Oregon pays out $306 million in paid-leave benefits

Published 10:45 am Wednesday, March 27, 2024

According to its director, more than 70,000 verified claims have been filed — though not all are found eligible for benefit payments — and Employment Department staffers have responded to more than 220,000 calls and 140,000 email messages and contact-us tickets via Frances Online.

The agency’s new automated system, which replaces a three-decade-old program that relied on even older technology, began Paid Leave Oregon benefits in mid-September.

Under the 2019 law passed by the Oregon Legislature, paid leave comes in three categories: Care for people filing claims, care for family members, and safety leave for survivors of domestic violence, sexual assault, harassment or stalking. Oregon is among the few states with paid leave to offer benefits in the latter category.

“They only show the sum of the impact that we are having on Oregonians and their families,” Karen Madden Humelbaugh, the program director, told reporters during a video conference call on March 20.

The agency dashboard listed 77,423 claims with verified identities and 50,967 claims approved for payment. The number of approved claimants was 44,099; some people qualify for claims under more than one category. (The normal benefit period is 12 weeks, but the time can be extended slightly when claims are combined.)

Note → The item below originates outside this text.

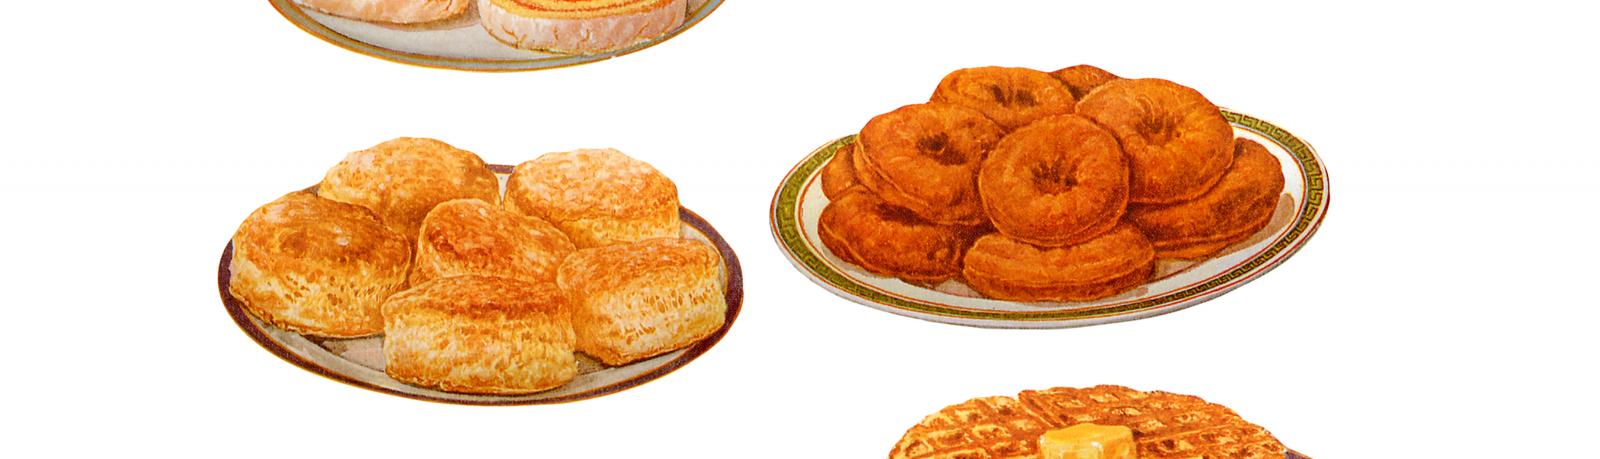 Gâteaux anciens français

Oregon employers and employees began contributions to the paid leave trust fund via payroll deductions starting in January 2023. The current cap for 2024 is 1% of total wages, split between a 60% share from employees and 40% from employers. (Employers with fewer than 25 workers do not contribute, although employees do.)

She said the department staff is working on more precise indicators of how the benefits help people.

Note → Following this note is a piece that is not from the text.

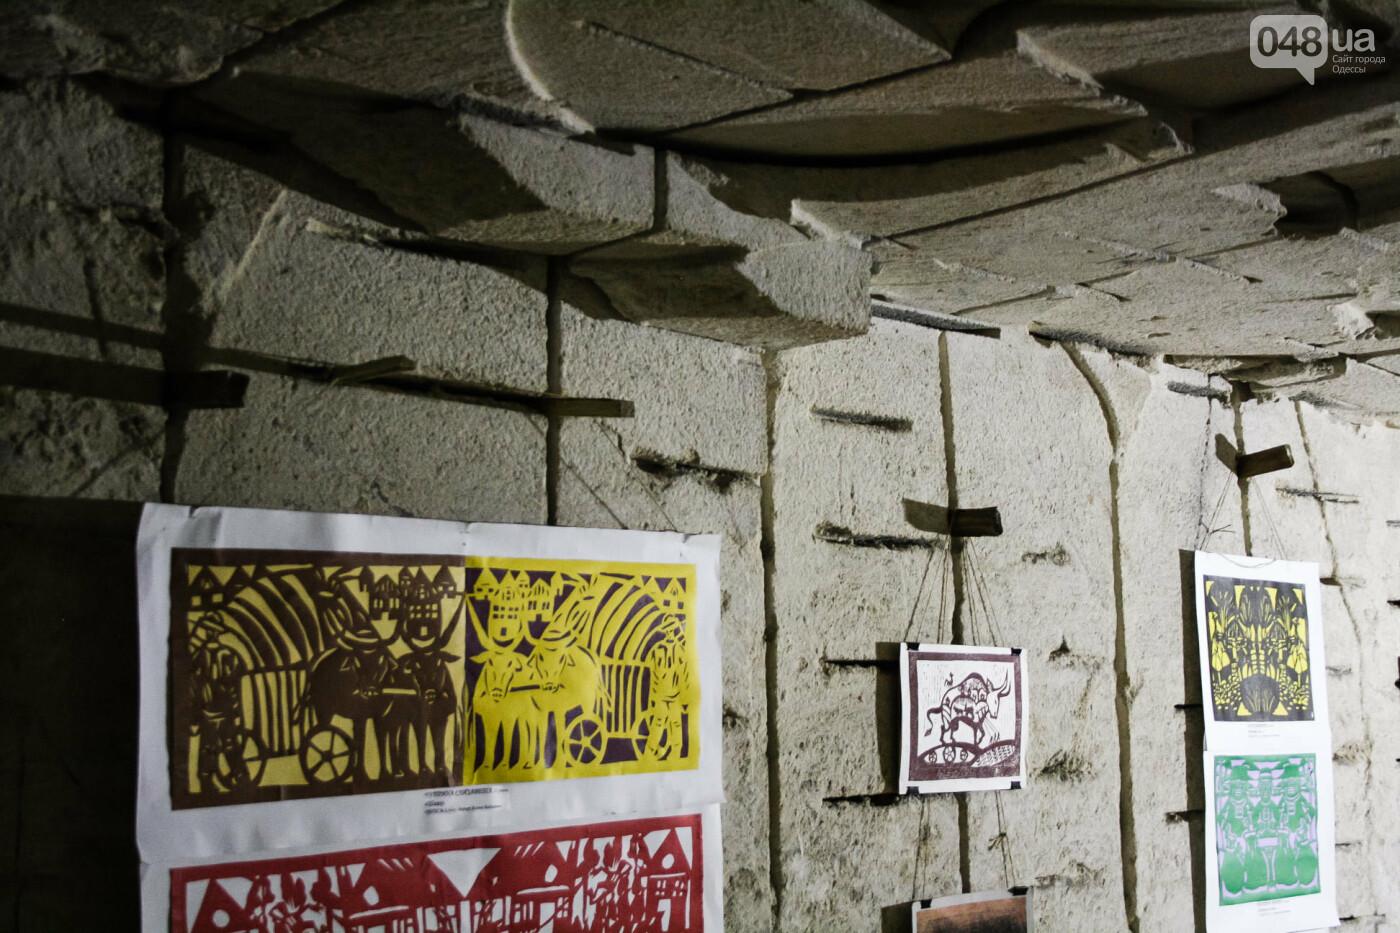 В Одесской области открылась выставка под землей,-ФОТОРЕПОРТАЖ, фото-14

“We have had to make sure we are protecting our trust fund from fraud and our customers from those who want to steal their benefits using stolen identities,” she said. “All of this means we had to take time to get it right when it comes to reporting data.”

She said it takes an average of 25 minutes for an employee to complete a request for paid leave via the new automated system. An employer is then notified that an employee has requested paid leave and given 10 calendar days to respond. After the applicant’s identity is verified and the applicant submits documentation, the agency determines whether the person is eligible for benefits. Payments are made via bank transfers.

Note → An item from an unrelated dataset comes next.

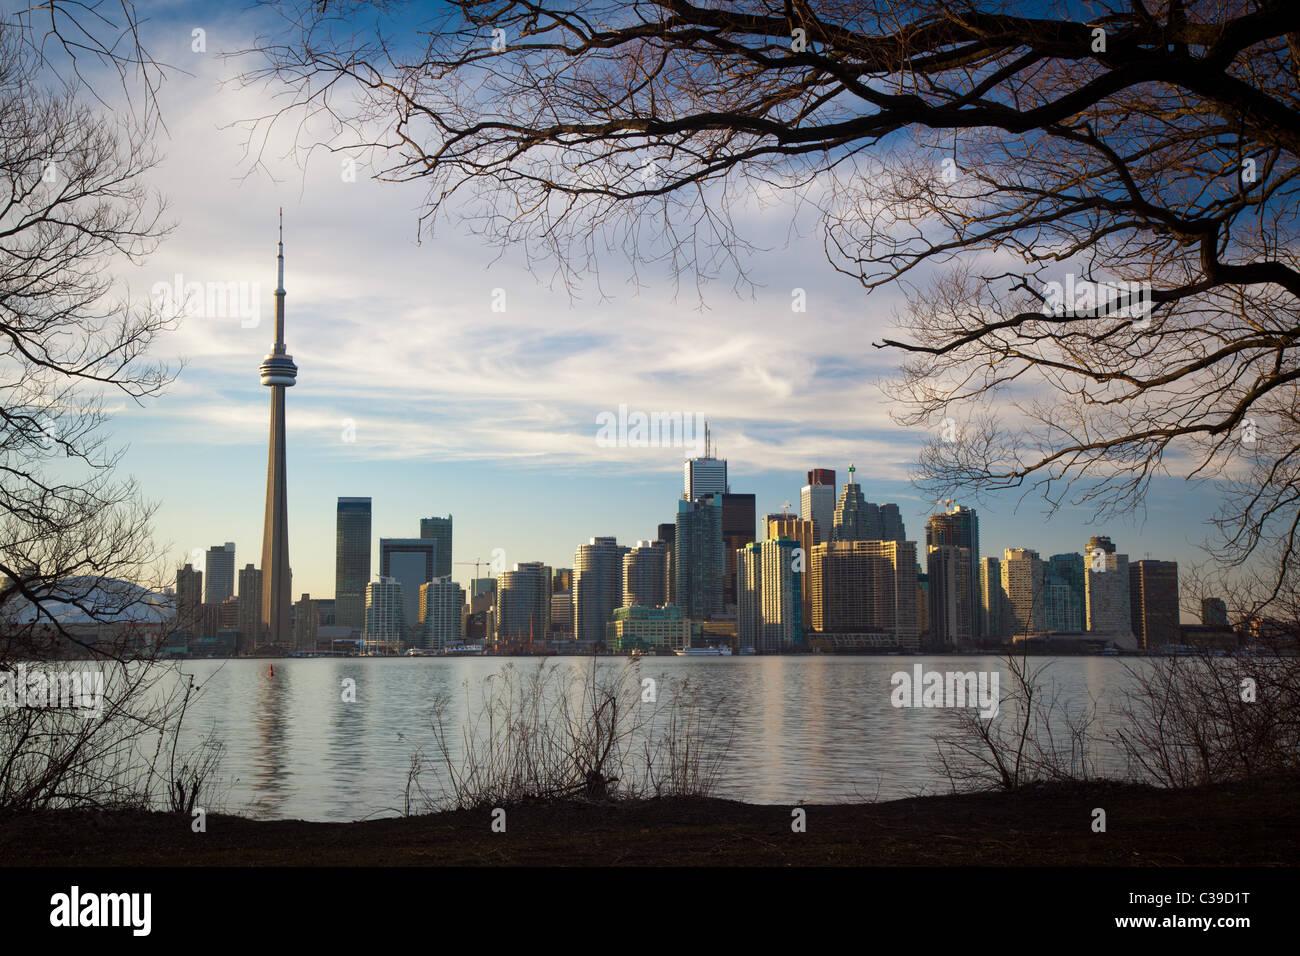 El centro de Toronto skyline, incluyendo la Torre CN y el Centro Rogers, como se ve en la tarde desde el centro Imagen De Stock

Humelbaugh said the time from application to bank transfer has been whittled from 39 days before Jan. 1 to 29 days since then.

Though it is within the department’s 30-day target, she said, “We are looking at how to reduce this time frame even more.”

The initial clearance rate (roughly 67%) for paid-leave applications appears similar to the rate for approval of unemployment insurance benefits. But David Gerstenfeld, Employment Department director, said there is a longer track record with unemployment benefits. Gerstenfeld led that division from 2011 until he become the first director of the paid leave program in 2019, shortly after the Legislature approved it. (He was thrust into the director’s job in 2020.)

“With unemployment insurance, we’ve had decades and decades of data so we can see what the average of overall claims is that people are ultimately eligible for benefits,” he said.

“We encourage people who do not know if they are eligible to apply for benefits, because we do not people self-screening themselves out if they might be eligible. We have people who apply all the time who unfortunately are not eligible for benefits.”

Among three preliminary indicators for disqualifying applicants from obtaining paid-leave benefits, Gerstenfeld said:

• An applicant works for an employer that already offers its own paid-leave program and is approved by the state as an equivalent benefit. (There are few such employers, but they exist.)

• An applicant has not worked enough to qualify for benefits. The law specifies that someone must have worked four of the previous five quarters and earned at least $1,000 in each of those four quarters.

• An applicant seeks paid leave for reasons not covered by the law.

“The criteria for paid leave and unemployment insurance are different,” he said.

“We really do not have enough data to know what the longterm percentage of eligibility for paid leave will look like.”